As for conservatives, they have been suckered again. Without even realizing it, they have allowed the left to frame the debate – as a matter of rights – when it is first and foremost a matter of definitions. To argue it as a matter of rights is to lose the debate; to control the definitions can render that debate irrelevant.
This is why, mind you, I would not have written Prop. 8 as its framers did: “Only marriage between a man and a woman is valid or recognized in California.” Instead, it should have been, “Marriage is hereby legally defined as a union between a man and a woman.” The actual text gives the courts wiggle room to find in favor of currently invalid or unrecognized “marriages”; the suggested text makes it so that there is nothing else to find in favor of. (Of course, ambitious judges can find a way around anything, but they’d have to do a bit more creative constitutional trampling.)
Yet controlling the definitions starts with controlling the vocabulary. For a definition won’t take hold in society unless the word it defines first does. This is why conservatives should never use the term “gay marriage,” as this is an explicit acknowledgement that such an institution exists. Nor should they use “heterosexual marriage,” for what is the other side of that coin?
What is most readily accepted is that which is assumed. From the get-go, conservatives should have insisted that marriage is marriage, a union between a man and woman and nothing else. This would have put odd alien fantasies about marriage, whatever they may be, in perspective. Because you cannot have a right to that which doesn’t exist.
© 2012 Selwyn Duke — All Rights Reserved
Marriage does not need to be "defended". It's the rights of gay people in America which need to be defended. DOMA is nothing but a smokescreen for homophobic bigotry and will open up the slippery slope toward gradually chipping away at the rights of gays in America.
Allowing same sex marriage does not interfere in any way with opposite sex couples getting married and raising families. DOMA is is totally unconstitutional and must be repealed as soon as possible..

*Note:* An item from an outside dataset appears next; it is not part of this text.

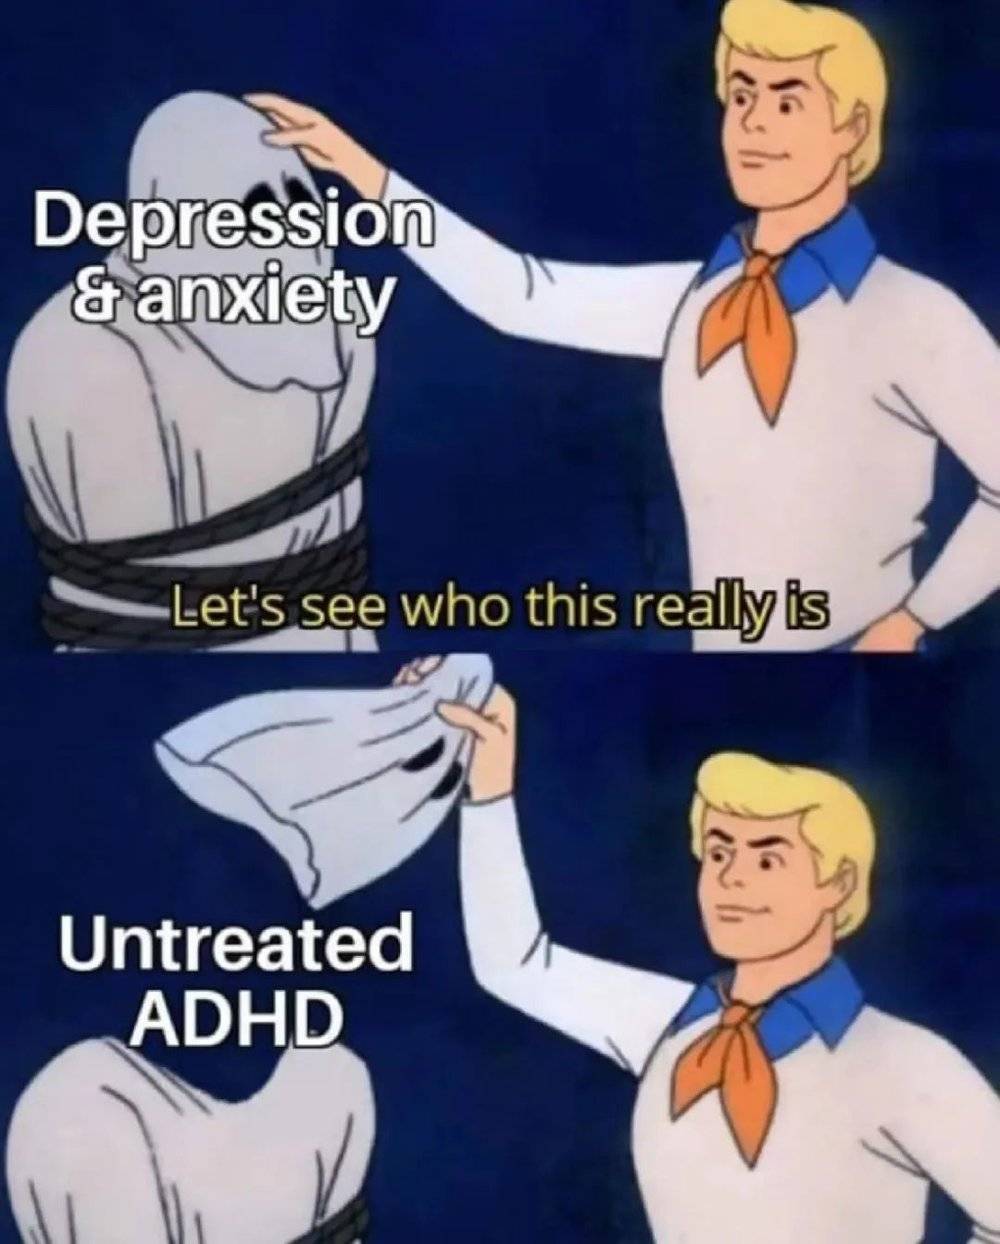 有时ADHD会藏在抑郁与焦虑的表象之下，容易被误诊。

Posted by: Robert Berger | February 13, 2012 at 12:20 PM
The Federal government has absolutley no business making laws or even hearing cases on marriage, from either an inalenable rights perspective or from a Constitutional perspective. The States however, do have the power reserved for them in the 10th Amendment to do so, but I still think they should stay out of it. Marriage is between a two people (historically man and a woman) and God. If any two people want to get togther and say a chant and call themselves married, joined or rubabrb, why should anyone care. Government is for enforcing civil contracts and if a contract between two people is filed and recorded than it must be binding and enforced by law. As for now marriage is really not a contract with any detail and should not be considered one of any worth. The reason we go through all this headache is we have allowed the federal government to lord power over us; a power they do not legaly have. This is but another symptom of nationalism, which is a system our founders (most of them anyway) roundly opposed.